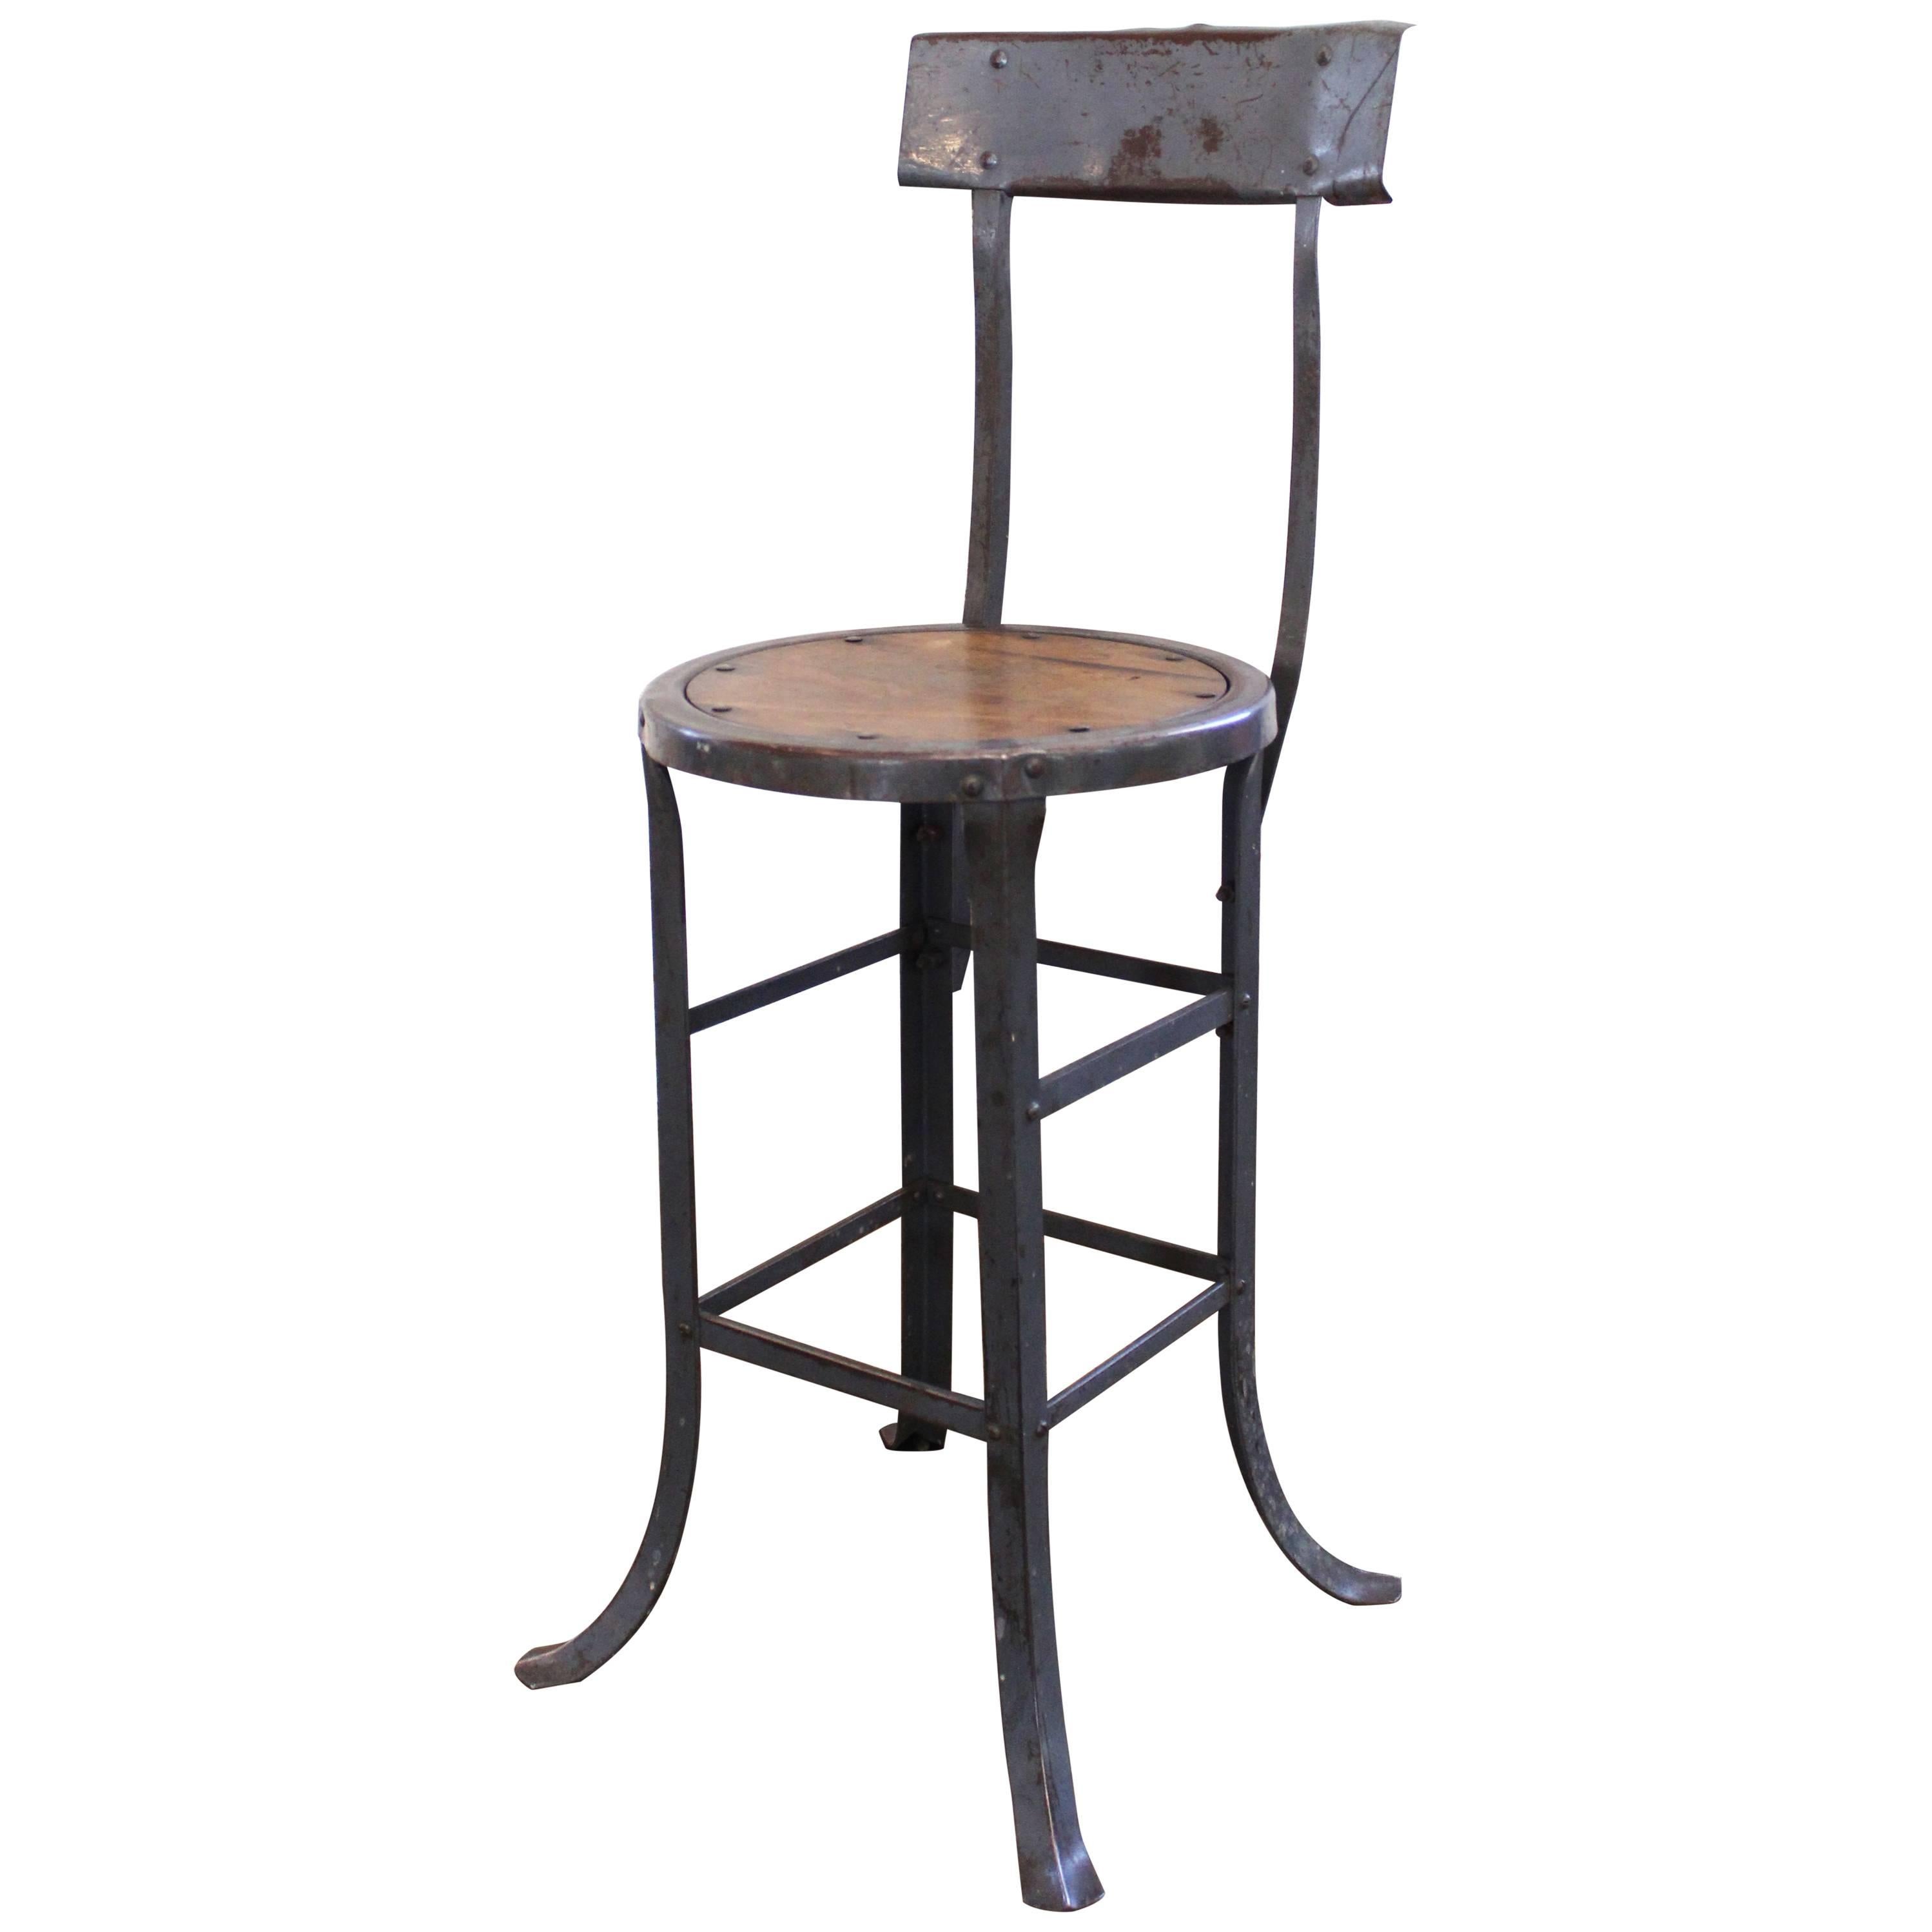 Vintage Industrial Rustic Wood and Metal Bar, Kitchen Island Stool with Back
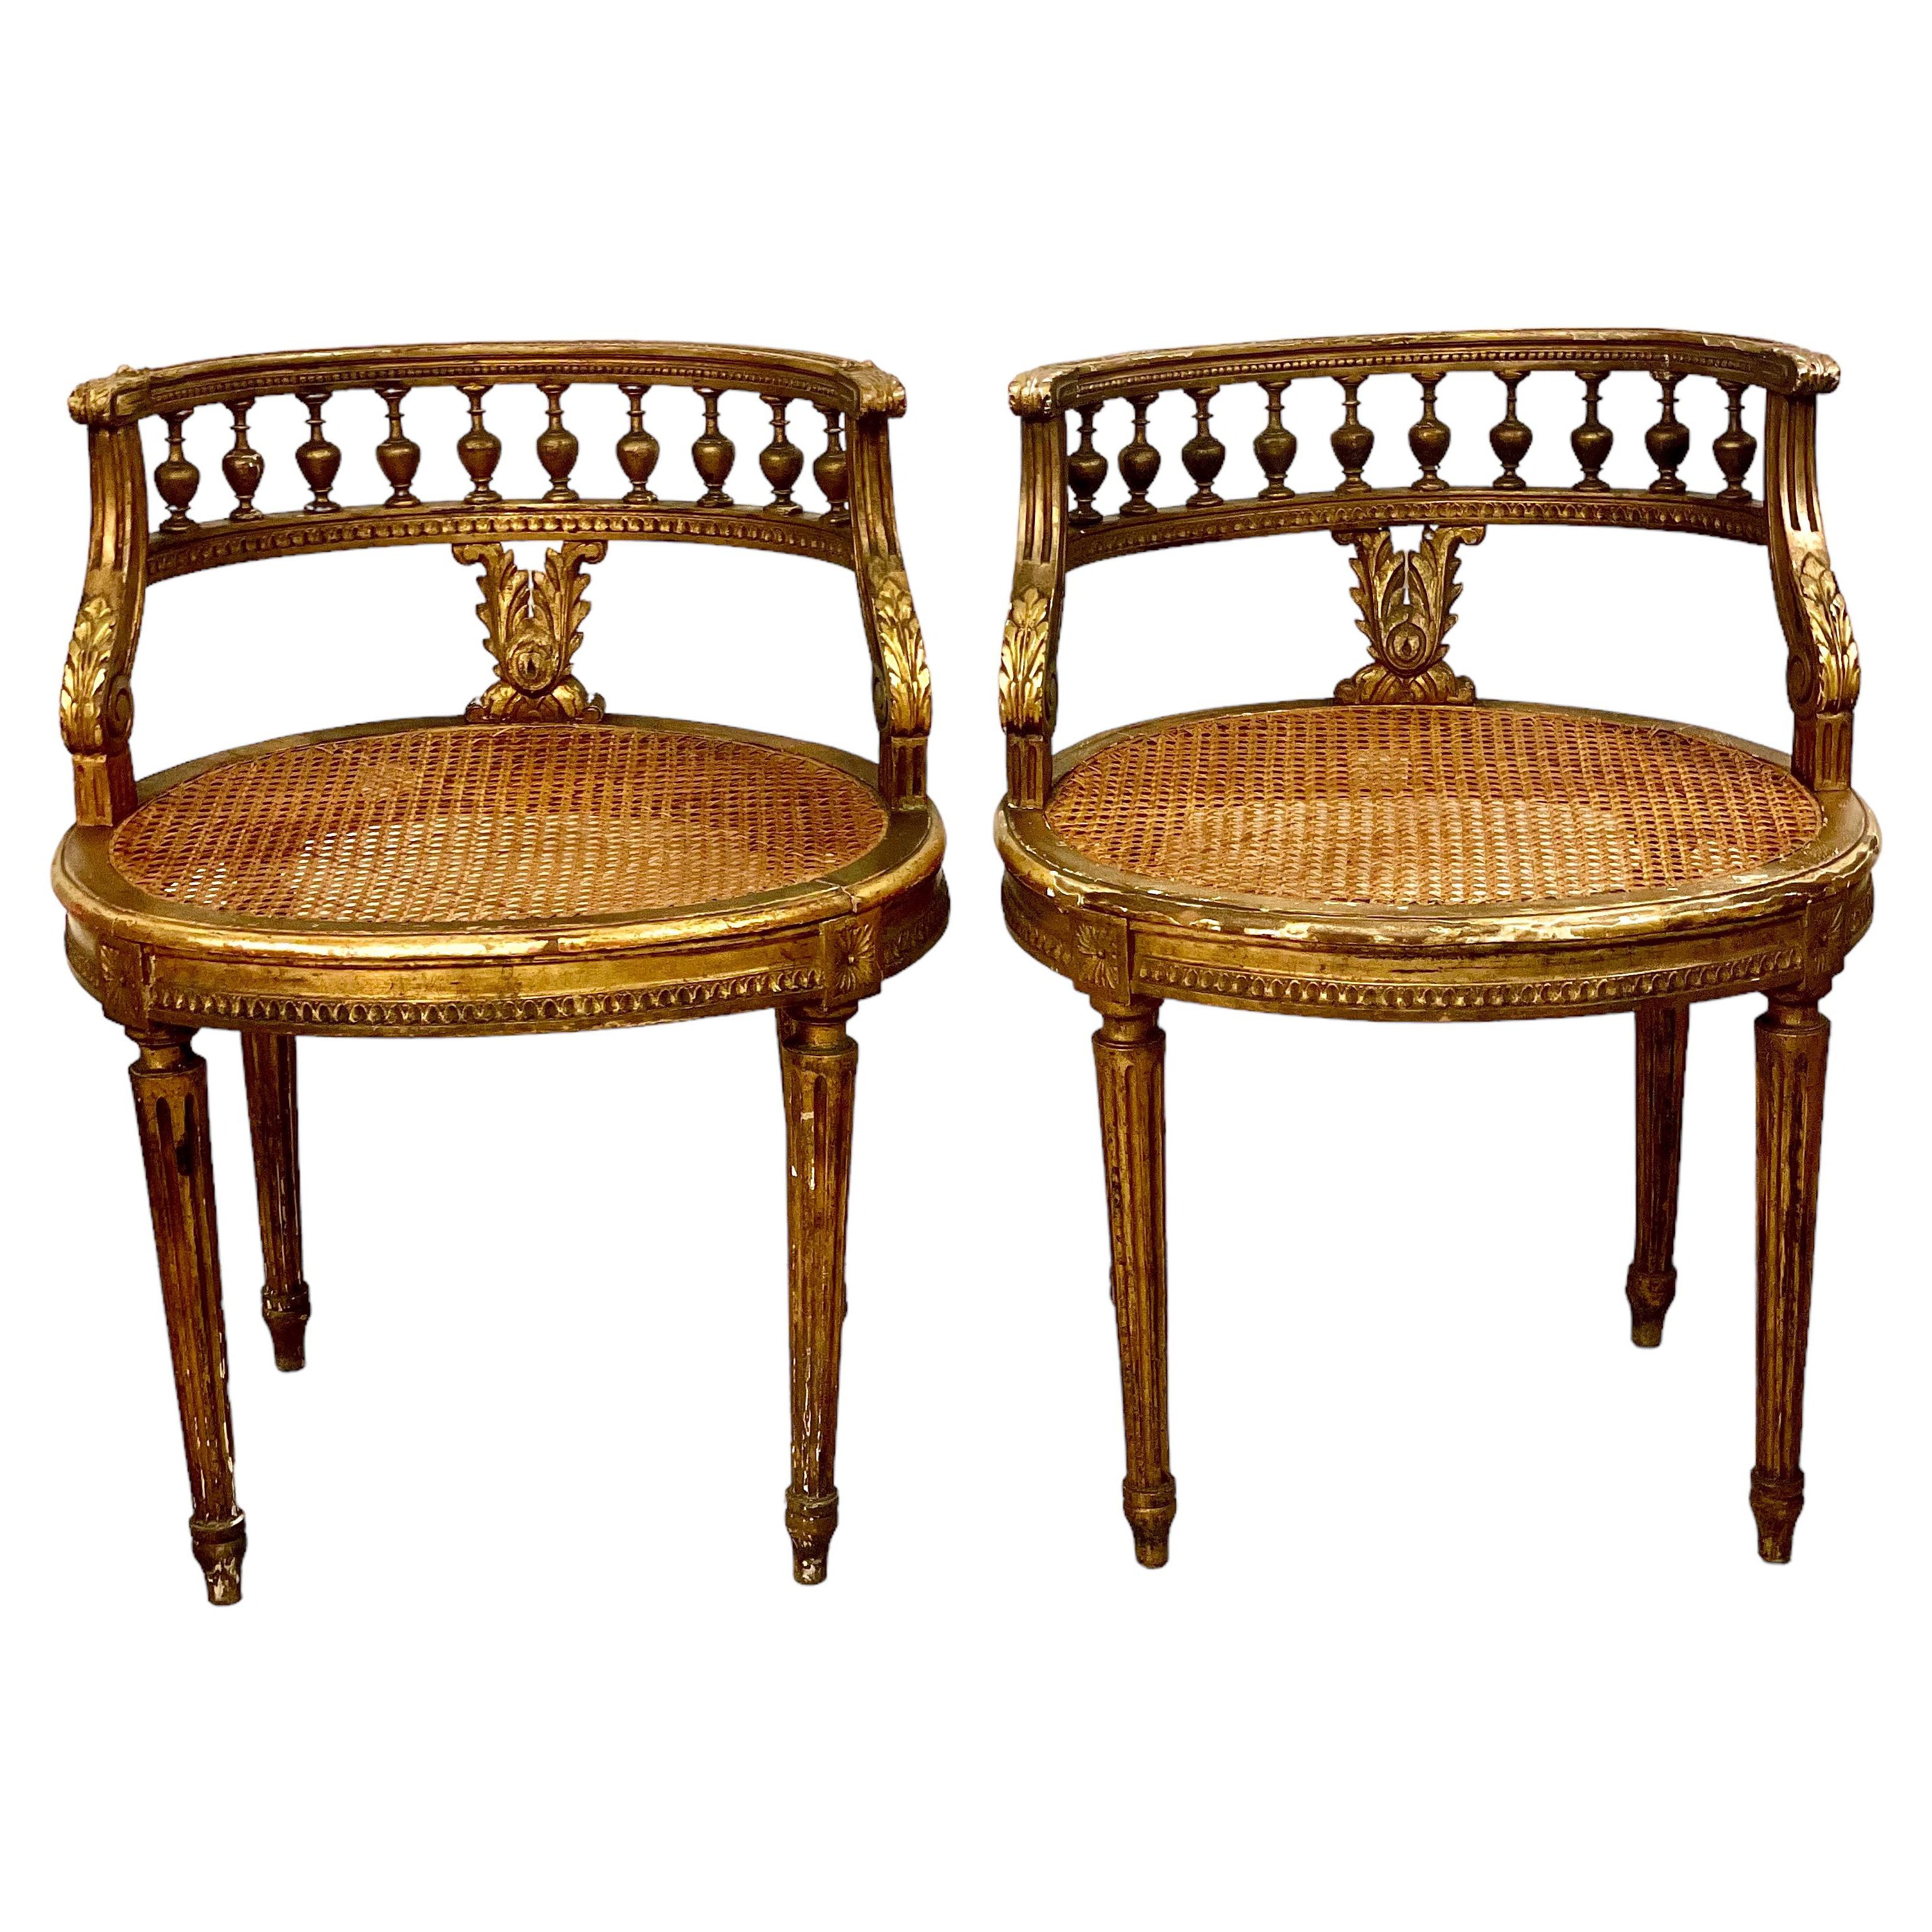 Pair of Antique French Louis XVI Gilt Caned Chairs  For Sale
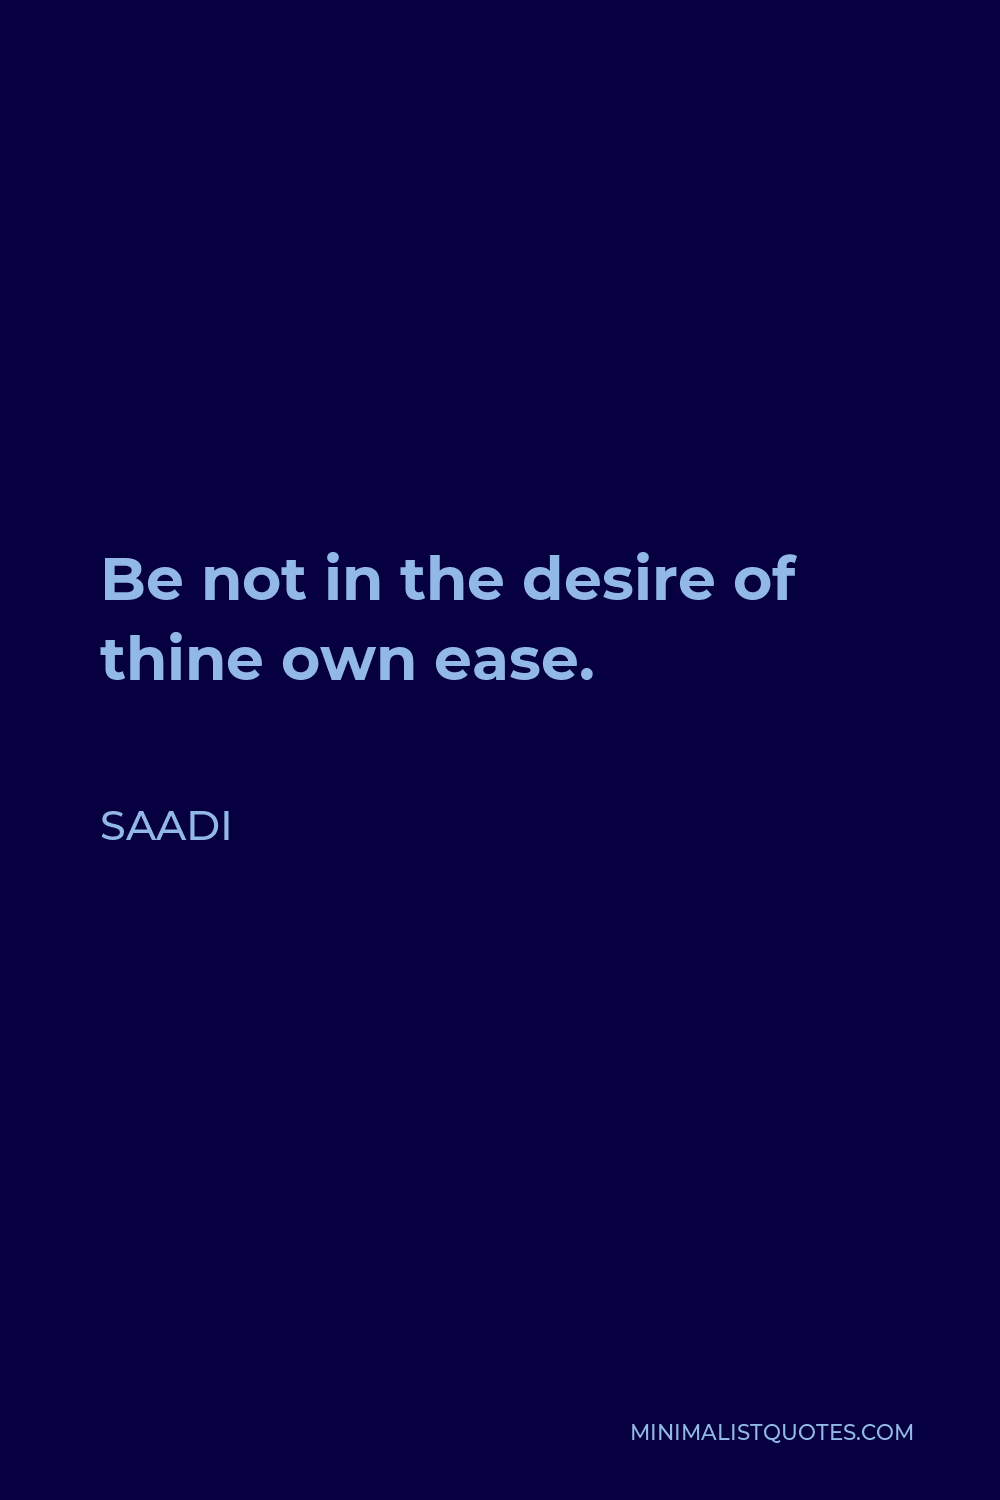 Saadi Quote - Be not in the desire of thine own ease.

:::::

## Assignment
Print the full listing again exactly, and drop every image from it.

## Written solution
 Vintage Industrial Rustic Wood and Metal Bar, Kitchen Island Stool with Back
 Pair of Antique French Louis XVI Gilt Caned Chairs  For Sale
 Saadi Quote - Be not in the desire of thine own ease.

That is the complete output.